Before choosing a contractor, business owners should ask:
- What assumptions are included in the quote?
- What items are excluded?
- Has the contractor reviewed the existing mechanical and electrical systems?
- Has the contractor reviewed the base-building utility capacity?
- Has the contractor walked the site with the necessary trades?
- Are there known risks that may become change orders?
- Are restaurant equipment loads properly accounted for?
- Are landlord and permit requirements included?
- Has the contractor considered construction sequencing?
A good contractor should be able to explain not only what is included, but also where the risks are.

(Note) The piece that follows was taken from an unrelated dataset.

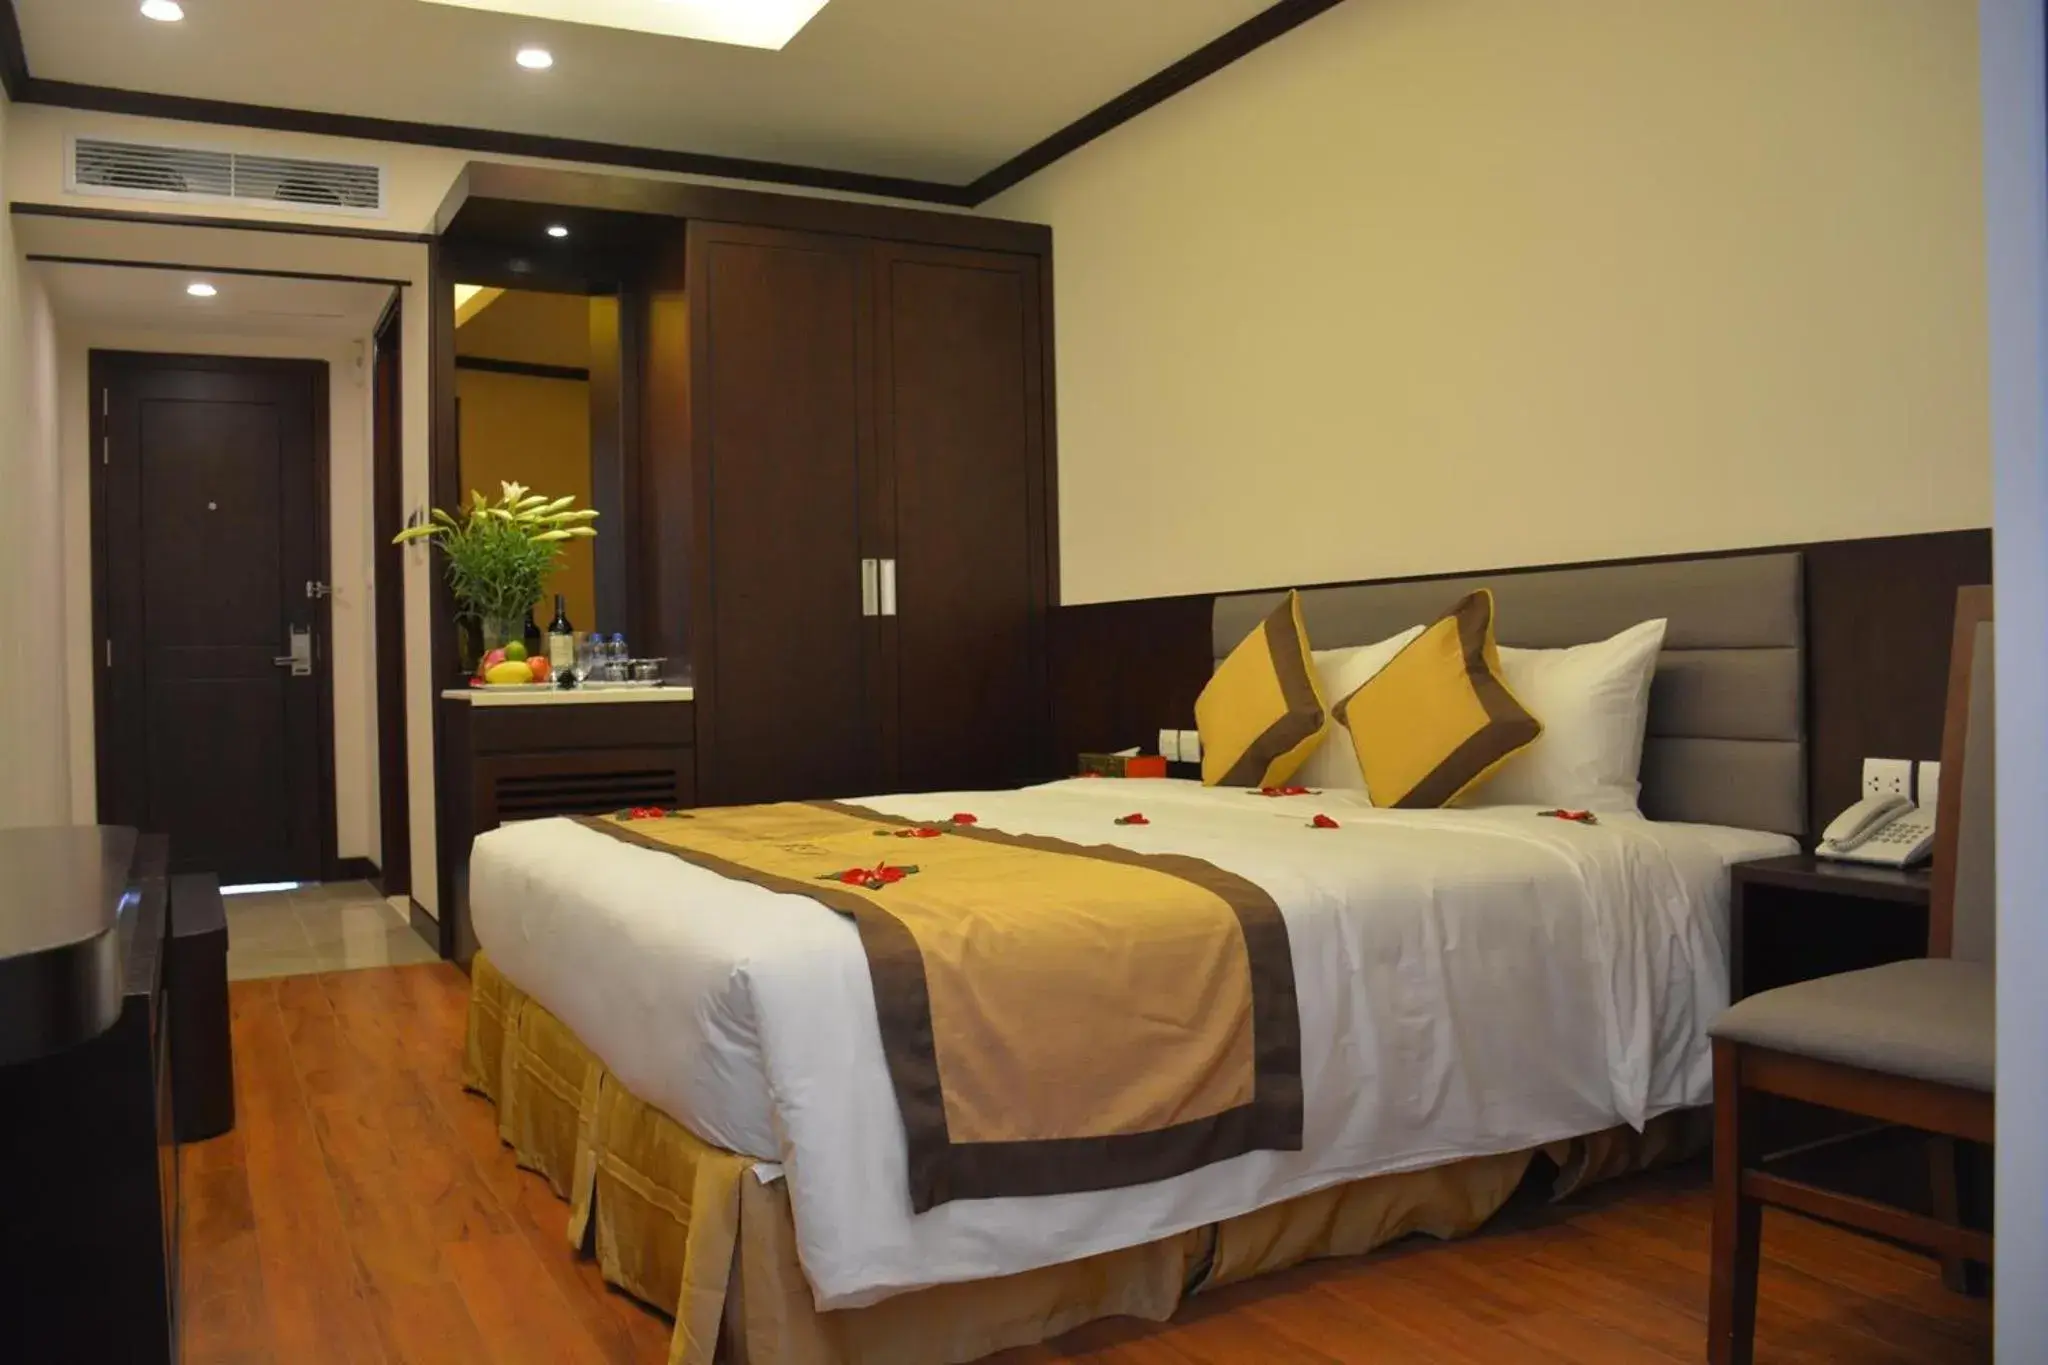 Queen Room with Balcony in Lenid Hotel Tho Nhuom

Bring in a General Contractor as Early as Possible
For business owners planning a restaurant, café, retail store, or office, pre-construction is one of the most valuable stages of the project. A proper pre-construction review can help clarify the scope, reduce unknowns, and produce a more accurate budget. It can also give the owner more confidence before signing a lease, approving a design, or committing to construction. In our view, pre-construction should not be treated as an afterthought. It is where many cost overruns are either prevented or created.
For our team, pre-construction consulting is free because we believe early involvement leads to better projects. When we are brought in early, we can help identify risks, clarify scope, and guide the client toward a more accurate understanding of the true construction cost.
Final Thoughts
Contractor cost overruns are usually not caused by one single mistake. They are often the result of unclear scope, poor assumptions, and incomplete site investigation. In commercial tenant improvements and fit-outs, the biggest risks are often hidden in the mechanical, electrical, plumbing, and base-building systems. These are the systems that business owners do not always see, but they are often the systems that determine whether a project stays on budget. The best way to prevent cost overruns is to bring in a general contractor early, investigate the site properly, verify the existing utilities, and make sure the estimate is based on real construction conditions rather than assumptions. A good quote should not just tell you a price. It should tell you what is included, what is uncertain, and where the risks are.
That clarity is what helps prevent expensive surprises later.